The wind whipping his black cape he rode to the cliffs, slower now, as Blackjack was getting older. They stood near the edge of the cliffs. Adams eyes were skimming the Irish Sea from side to side watching the swelling and movement of the dark waters. The clipper was barely visible and Adam’s eyes became fixed on it. The ship was getting smaller and farther out to sea. Thinking only of his siblings, Sean and Colleen, he knew they had to leave Ireland or they would never own land to support them. Adam rarely smiled anymore. His thoughts turned to his father, Joseph Patrick Callagy and his mother Fiona Callagy, now both deceased. His duty lay heavy on him.
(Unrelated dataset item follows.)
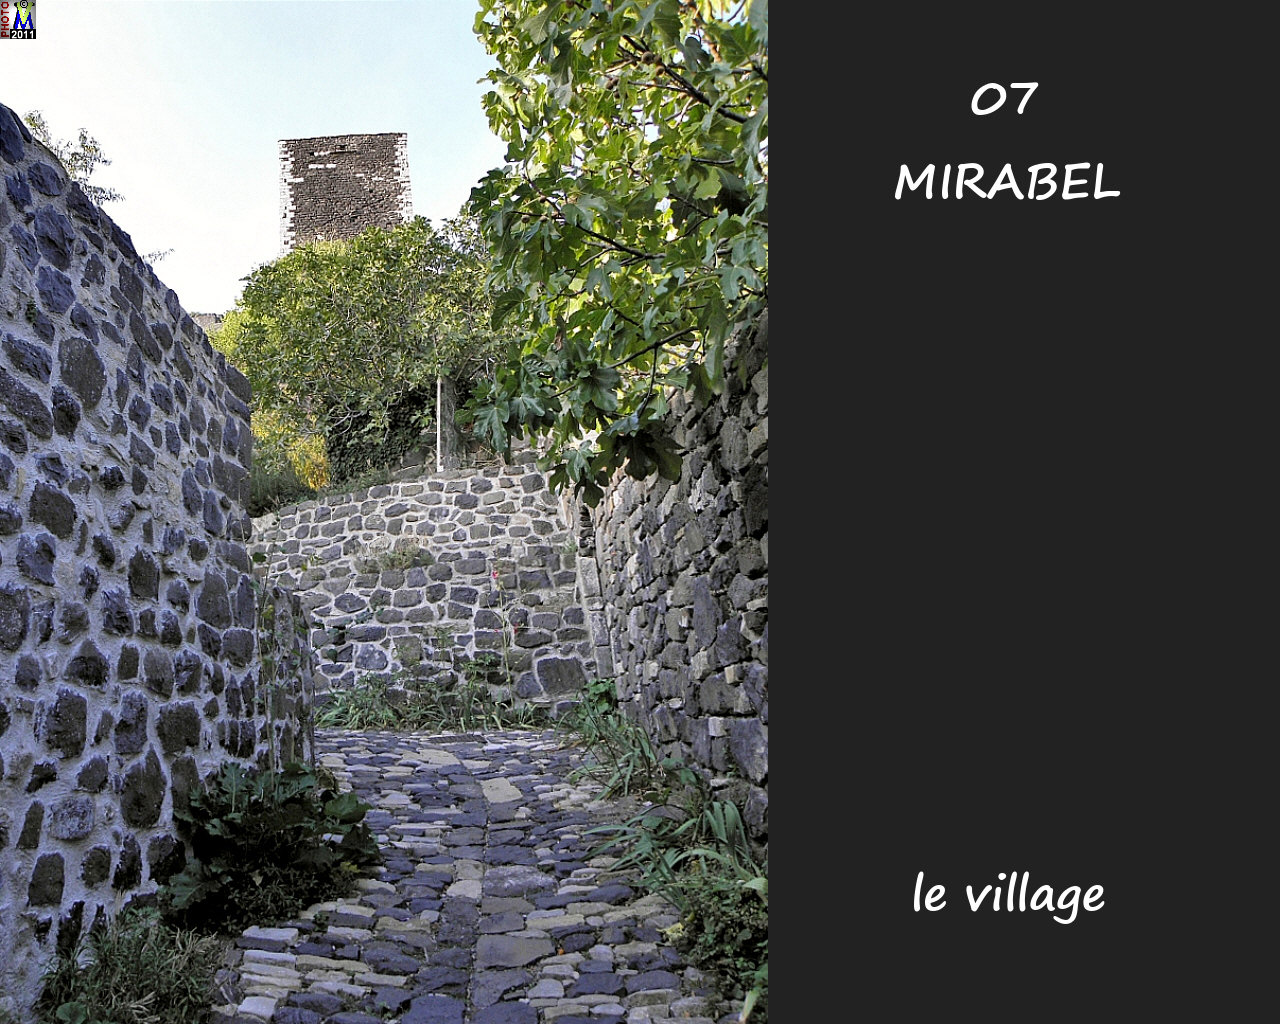 07MIRABEL_village_142.jpg

The vessel was gone from his view and he wondered where it was bound for and how many places would the clipper sail to.
Adam Joseph Callagy was dressed all in black, trousers, shirt, boots and the black woolen cape that his dear beloved mother had sewn. She had cut the pattern and stitched the wool cloth until the cape was finished. So many years past or so it seemed.
His long black curly hair gleamed in the fading sunlight, the tendrils coiling around his ears and neck. His eyes the shade of the deep-sea waters, turning a steely blue when angered. Adam stood six feet tall, weighing one hundred and ninety pounds with broad shoulders and sinuous muscles, which gave him agility with great strength. His complexion was pale with full lips tinged of pale purple. Adam’s shapely eyebrows defined the long thick black eyelashes and fine straight nose. He was blessed with straight teeth and the hue of his lips accentuated the whiteness of them. In one month he would be twenty-two years old.